__Problem statement__
In the entries that follow, the first line to write out is the one containing "Zajęcia budowania z klocków LEGO", and the last is the one containing "Ein Paar englische". Reproduce that stretch exactly, with nothing before or after it.
# # # # #
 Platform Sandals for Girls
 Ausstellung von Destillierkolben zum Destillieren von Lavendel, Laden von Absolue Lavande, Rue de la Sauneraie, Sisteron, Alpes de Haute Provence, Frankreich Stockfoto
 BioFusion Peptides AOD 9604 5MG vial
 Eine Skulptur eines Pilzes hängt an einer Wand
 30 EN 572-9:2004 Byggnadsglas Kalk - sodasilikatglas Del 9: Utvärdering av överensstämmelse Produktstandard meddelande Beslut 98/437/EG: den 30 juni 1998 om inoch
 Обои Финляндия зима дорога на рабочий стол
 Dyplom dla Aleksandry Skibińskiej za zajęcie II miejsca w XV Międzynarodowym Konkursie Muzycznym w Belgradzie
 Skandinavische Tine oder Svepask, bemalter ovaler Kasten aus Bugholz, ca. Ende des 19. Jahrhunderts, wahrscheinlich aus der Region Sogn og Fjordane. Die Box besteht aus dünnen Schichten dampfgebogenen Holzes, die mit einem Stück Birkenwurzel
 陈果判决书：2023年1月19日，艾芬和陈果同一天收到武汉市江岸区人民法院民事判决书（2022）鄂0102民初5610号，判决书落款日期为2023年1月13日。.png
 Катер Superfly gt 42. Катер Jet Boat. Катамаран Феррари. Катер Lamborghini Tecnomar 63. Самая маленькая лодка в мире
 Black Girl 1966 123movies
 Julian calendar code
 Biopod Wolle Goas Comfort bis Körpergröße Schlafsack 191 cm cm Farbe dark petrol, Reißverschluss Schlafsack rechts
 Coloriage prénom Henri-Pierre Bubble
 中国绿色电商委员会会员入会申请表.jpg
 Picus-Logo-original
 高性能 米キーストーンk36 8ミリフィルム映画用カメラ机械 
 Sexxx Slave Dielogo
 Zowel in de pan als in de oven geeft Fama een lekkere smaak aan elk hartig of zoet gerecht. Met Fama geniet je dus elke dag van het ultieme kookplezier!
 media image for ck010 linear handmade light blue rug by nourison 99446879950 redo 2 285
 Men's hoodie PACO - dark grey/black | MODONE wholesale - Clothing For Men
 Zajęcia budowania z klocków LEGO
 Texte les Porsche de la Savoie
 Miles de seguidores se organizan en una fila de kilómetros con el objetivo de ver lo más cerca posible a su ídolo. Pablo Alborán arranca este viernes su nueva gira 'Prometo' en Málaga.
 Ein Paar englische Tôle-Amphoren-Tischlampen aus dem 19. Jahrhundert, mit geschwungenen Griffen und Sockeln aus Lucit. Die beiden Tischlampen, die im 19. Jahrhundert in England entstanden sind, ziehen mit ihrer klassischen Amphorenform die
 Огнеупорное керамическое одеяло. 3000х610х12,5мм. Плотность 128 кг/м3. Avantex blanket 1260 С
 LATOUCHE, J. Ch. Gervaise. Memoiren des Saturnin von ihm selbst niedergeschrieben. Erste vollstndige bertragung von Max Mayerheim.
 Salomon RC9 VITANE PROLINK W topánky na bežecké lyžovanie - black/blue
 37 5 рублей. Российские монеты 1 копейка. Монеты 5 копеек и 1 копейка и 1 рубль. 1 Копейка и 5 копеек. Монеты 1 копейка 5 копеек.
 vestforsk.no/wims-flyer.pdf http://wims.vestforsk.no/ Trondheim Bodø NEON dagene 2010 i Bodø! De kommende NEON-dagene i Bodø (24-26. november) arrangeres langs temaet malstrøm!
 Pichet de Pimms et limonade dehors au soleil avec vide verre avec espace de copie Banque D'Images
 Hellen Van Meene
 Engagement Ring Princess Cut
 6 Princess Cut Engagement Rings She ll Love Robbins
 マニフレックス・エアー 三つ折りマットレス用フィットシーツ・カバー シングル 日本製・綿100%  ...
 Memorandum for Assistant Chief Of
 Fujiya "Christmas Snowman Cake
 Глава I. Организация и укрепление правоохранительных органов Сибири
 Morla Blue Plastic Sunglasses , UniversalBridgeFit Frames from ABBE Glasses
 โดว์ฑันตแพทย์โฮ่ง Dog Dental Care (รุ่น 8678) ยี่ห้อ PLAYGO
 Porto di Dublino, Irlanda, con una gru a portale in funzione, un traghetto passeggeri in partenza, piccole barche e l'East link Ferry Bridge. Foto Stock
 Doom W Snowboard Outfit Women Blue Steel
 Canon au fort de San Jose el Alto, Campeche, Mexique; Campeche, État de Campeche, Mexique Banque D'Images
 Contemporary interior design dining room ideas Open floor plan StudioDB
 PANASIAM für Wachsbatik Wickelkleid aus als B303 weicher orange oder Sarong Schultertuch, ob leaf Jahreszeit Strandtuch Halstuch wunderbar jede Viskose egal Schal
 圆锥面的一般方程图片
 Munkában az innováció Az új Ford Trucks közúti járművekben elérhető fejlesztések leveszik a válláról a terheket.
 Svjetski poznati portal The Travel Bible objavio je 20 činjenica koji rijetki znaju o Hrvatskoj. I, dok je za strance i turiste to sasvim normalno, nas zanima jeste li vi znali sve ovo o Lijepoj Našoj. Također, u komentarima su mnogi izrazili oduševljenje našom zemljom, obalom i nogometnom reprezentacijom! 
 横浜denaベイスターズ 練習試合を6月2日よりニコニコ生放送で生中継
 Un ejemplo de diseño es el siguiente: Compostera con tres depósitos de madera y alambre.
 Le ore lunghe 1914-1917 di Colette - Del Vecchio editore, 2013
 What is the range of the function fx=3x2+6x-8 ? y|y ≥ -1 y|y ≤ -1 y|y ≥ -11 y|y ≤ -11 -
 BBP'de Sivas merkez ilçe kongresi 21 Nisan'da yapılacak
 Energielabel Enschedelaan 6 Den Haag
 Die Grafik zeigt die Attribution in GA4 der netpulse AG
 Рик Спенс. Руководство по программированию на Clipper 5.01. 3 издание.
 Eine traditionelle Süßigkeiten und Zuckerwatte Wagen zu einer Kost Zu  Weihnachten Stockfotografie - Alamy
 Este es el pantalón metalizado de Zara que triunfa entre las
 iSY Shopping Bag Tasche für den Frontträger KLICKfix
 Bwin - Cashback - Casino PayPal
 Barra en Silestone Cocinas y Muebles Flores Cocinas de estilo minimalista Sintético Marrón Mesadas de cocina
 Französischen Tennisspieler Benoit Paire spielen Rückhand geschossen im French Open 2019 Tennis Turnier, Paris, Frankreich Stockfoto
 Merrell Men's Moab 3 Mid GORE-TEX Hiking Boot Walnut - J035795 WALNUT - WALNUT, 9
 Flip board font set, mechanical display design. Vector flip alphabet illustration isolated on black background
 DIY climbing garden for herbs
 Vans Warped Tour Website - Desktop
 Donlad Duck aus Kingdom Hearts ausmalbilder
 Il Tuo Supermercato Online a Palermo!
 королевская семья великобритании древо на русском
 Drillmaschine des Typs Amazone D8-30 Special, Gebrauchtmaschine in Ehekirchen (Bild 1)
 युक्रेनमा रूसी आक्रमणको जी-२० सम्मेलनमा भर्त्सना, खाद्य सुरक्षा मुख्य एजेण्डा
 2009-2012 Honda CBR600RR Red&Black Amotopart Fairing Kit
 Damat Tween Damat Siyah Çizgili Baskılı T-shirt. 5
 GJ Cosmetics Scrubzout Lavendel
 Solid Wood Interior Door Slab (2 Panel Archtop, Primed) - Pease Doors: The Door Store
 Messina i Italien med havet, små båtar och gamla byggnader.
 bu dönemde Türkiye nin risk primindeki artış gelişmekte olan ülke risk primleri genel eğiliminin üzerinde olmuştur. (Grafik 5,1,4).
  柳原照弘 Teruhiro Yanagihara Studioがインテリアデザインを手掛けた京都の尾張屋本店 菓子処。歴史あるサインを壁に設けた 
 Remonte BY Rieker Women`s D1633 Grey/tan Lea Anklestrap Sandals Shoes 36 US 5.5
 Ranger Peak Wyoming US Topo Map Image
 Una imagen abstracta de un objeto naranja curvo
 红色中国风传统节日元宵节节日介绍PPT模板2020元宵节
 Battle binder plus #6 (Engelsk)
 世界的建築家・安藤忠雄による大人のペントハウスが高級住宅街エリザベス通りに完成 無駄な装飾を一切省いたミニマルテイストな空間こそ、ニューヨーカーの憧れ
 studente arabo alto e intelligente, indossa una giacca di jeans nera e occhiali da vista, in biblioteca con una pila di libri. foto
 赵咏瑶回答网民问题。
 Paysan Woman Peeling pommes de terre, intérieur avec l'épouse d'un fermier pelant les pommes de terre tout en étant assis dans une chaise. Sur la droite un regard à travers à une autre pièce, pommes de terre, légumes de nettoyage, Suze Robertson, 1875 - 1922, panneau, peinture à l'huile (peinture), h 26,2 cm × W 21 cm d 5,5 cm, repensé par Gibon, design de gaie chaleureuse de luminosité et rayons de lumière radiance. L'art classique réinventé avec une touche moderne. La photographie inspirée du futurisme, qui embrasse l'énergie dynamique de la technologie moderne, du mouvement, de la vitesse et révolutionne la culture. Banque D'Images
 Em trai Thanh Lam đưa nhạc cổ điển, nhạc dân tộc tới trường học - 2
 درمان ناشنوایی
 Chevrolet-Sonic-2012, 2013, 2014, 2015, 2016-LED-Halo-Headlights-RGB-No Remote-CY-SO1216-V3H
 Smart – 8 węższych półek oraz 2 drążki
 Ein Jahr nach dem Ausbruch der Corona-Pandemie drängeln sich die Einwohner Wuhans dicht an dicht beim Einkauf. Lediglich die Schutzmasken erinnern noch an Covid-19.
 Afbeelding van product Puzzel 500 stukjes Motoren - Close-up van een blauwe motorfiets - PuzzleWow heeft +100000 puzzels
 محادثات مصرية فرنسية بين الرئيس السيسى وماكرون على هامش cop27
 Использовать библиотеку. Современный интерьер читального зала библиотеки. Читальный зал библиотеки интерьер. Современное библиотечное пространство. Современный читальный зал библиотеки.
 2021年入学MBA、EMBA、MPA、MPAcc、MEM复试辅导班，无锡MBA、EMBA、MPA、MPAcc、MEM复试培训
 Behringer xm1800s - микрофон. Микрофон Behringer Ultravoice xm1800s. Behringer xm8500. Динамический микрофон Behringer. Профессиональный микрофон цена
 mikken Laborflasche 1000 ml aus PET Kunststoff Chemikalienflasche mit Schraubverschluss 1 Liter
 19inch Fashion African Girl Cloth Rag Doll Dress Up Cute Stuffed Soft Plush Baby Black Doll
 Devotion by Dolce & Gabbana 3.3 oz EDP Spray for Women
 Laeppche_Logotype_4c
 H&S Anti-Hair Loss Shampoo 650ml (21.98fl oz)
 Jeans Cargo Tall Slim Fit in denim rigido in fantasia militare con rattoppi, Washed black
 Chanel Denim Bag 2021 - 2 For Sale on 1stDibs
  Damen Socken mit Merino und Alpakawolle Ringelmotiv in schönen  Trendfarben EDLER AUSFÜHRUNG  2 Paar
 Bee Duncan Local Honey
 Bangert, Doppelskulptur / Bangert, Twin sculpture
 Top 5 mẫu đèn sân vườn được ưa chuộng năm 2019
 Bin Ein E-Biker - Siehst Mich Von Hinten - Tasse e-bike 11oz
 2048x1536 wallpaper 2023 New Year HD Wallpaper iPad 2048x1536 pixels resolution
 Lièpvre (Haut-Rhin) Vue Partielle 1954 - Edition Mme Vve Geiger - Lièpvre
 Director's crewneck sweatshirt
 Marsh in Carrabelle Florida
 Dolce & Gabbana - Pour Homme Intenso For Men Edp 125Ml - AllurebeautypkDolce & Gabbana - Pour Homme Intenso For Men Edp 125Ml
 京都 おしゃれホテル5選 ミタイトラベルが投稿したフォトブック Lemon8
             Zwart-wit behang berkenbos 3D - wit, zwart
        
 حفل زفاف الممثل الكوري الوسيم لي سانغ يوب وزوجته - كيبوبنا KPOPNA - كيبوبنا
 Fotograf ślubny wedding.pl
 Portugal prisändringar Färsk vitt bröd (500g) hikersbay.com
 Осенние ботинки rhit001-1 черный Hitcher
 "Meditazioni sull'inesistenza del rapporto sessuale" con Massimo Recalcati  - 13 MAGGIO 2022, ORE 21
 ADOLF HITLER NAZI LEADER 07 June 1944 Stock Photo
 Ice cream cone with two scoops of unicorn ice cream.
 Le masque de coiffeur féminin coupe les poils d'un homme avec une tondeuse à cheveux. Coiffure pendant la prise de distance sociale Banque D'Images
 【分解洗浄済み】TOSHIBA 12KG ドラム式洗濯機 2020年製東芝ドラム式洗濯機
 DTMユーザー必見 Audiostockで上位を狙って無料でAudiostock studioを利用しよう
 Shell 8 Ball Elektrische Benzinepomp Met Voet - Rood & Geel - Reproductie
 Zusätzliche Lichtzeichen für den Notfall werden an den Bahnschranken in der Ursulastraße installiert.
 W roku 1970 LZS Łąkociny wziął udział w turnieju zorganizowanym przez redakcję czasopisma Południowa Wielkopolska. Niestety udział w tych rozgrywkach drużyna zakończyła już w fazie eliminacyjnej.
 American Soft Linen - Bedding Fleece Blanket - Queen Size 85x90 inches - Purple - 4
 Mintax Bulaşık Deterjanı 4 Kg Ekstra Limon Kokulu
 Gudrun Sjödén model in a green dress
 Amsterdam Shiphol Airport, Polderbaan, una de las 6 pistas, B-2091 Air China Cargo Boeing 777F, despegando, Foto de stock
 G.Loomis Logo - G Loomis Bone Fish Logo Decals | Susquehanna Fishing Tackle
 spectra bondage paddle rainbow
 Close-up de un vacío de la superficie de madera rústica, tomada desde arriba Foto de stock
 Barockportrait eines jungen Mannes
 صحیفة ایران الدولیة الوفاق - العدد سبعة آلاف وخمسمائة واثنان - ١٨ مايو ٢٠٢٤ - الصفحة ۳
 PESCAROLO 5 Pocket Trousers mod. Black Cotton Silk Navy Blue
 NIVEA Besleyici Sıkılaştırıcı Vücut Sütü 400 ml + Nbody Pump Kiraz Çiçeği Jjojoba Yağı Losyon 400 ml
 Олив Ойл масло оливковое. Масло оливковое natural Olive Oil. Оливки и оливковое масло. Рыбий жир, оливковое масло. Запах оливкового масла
# # # # #
__Answer to the exercise__
 Zajęcia budowania z klocków LEGO
 Texte les Porsche de la Savoie
 Miles de seguidores se organizan en una fila de kilómetros con el objetivo de ver lo más cerca posible a su ídolo. Pablo Alborán arranca este viernes su nueva gira 'Prometo' en Málaga.
 Ein Paar englische Tôle-Amphoren-Tischlampen aus dem 19. Jahrhundert, mit geschwungenen Griffen und Sockeln aus Lucit. Die beiden Tischlampen, die im 19. Jahrhundert in England entstanden sind, ziehen mit ihrer klassischen Amphorenform die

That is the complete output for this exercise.